I have always been under the impression that transplanting before flower makes more economical sense then transplanting right when you flip them. 

Does anyone really have a concrete answer on the virtues of transplanting before flower or right at the stage they go into 12/12?

I do know that when the plants are transitioning there is quite a growth spurt which to me would indicate substantial root growth? My question is when does this start to slow? Is it after the transition phase? It just seems like common sense to me that when the plant begins to turn it's energy into producing flowers that root growth slows to a crawl or am I off base here?

I wonder because with my grows I use 3 gallon pots for the final stage. I usually transplant a week or two before flower to let the roots fully use the grow medium.
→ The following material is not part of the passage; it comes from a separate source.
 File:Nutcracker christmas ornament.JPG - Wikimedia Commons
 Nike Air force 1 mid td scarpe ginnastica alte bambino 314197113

Whenever I have transplanted right at flower the pots don't seem to have the same root mass as the plants that were transplanted in the veg stage.

Thoughts or comments are appreciated.


----------



## nellyatcha (Jun 22, 2010)

do it now and it slows down flowering by up to 1wk.


----------



## woodsmaneh! (Jun 22, 2010)

Good question.

I have always gone from 6" veg pots to 12" and right to flower. I have changed as now I plant the veged plants right into raised 4 x 4 foot beds. So no 12" pots. Best move I ever made.

my observations are that I do not appear to suffer any set back doing it this way. I veg till roots show from the bottom than right to flower. The root mass after finished flowering is 3 times what it was at the end of veg.

As the plant grows in the flower cycle the roots continue to grow larger so they can support the food requirements and to help keep the plant standing.

When growing in the 12" pots at the end of flower there was no room in the pot, they were getting root bound and that is bad.

Hope this helps

Peace


----------



## sixstring2112 (Jun 22, 2010)

i like to get them into the big pots early on so there is no stress at all when i flip them. also no pruning the week before the flip.thats just me.when i do dwc they start in the big buckets also.


----------



## genuity (Jun 22, 2010)

plaguedog said:


> I have always been under the impression that transplanting before flower makes more economical sense then transplanting right when you flip them.
> 
> Does anyone really have a concrete answer on the virtues of transplanting before flower or right at the stage they go into 12/12?
> 
> ...


good post,very good post..
imo,you can not hurt a plant by transplant,in any matter.
i transplant right a the flip to 12/12,cause i see that (first 2 weeks as veg)yea i said it veg.
i see as if the plant is makeing roots,it helps slow down vert growth.
roots grow faster than the norm think.is there some kind of wall that roots grow in to outside.


----------



## HookdOnChronics (Jun 24, 2010)

genuity said:


> i see as if the plant is makeing roots,it helps slow down vert growth.
> roots grow faster than the norm think.


Ok so here's the deal. I transplant RIGHT when I put them into 12/12. What I've noticed about this is: it seems to me that the 'beginning of flower stretch' is almost cut in HALF because of the roots doing the growing. Also, because there is a longer dark period, there is more root growth.

I'm limited on height, but have alot more horozontal space to work with. So the start of flower stretch is something that has sometimes given me troubles (plants growing into lights, ect...) But after trying this out (accidentally at first) I have done it ALOT more, and it really DOES cut the 'start of flower stretch' in half IMO. WHICH could be good or bad depending on how you look at it. For ME, good. VERY good!


----------



## Gardener 09 (Jun 29, 2010)

it would seem that you can do whatever you choose to, to get what you want out of the plant, baced on what you want and the grownig conditions you have. you just need to know (even if you dont see it happening) what your plant is doing, and how everything you do and when you do it effects the plant.


----------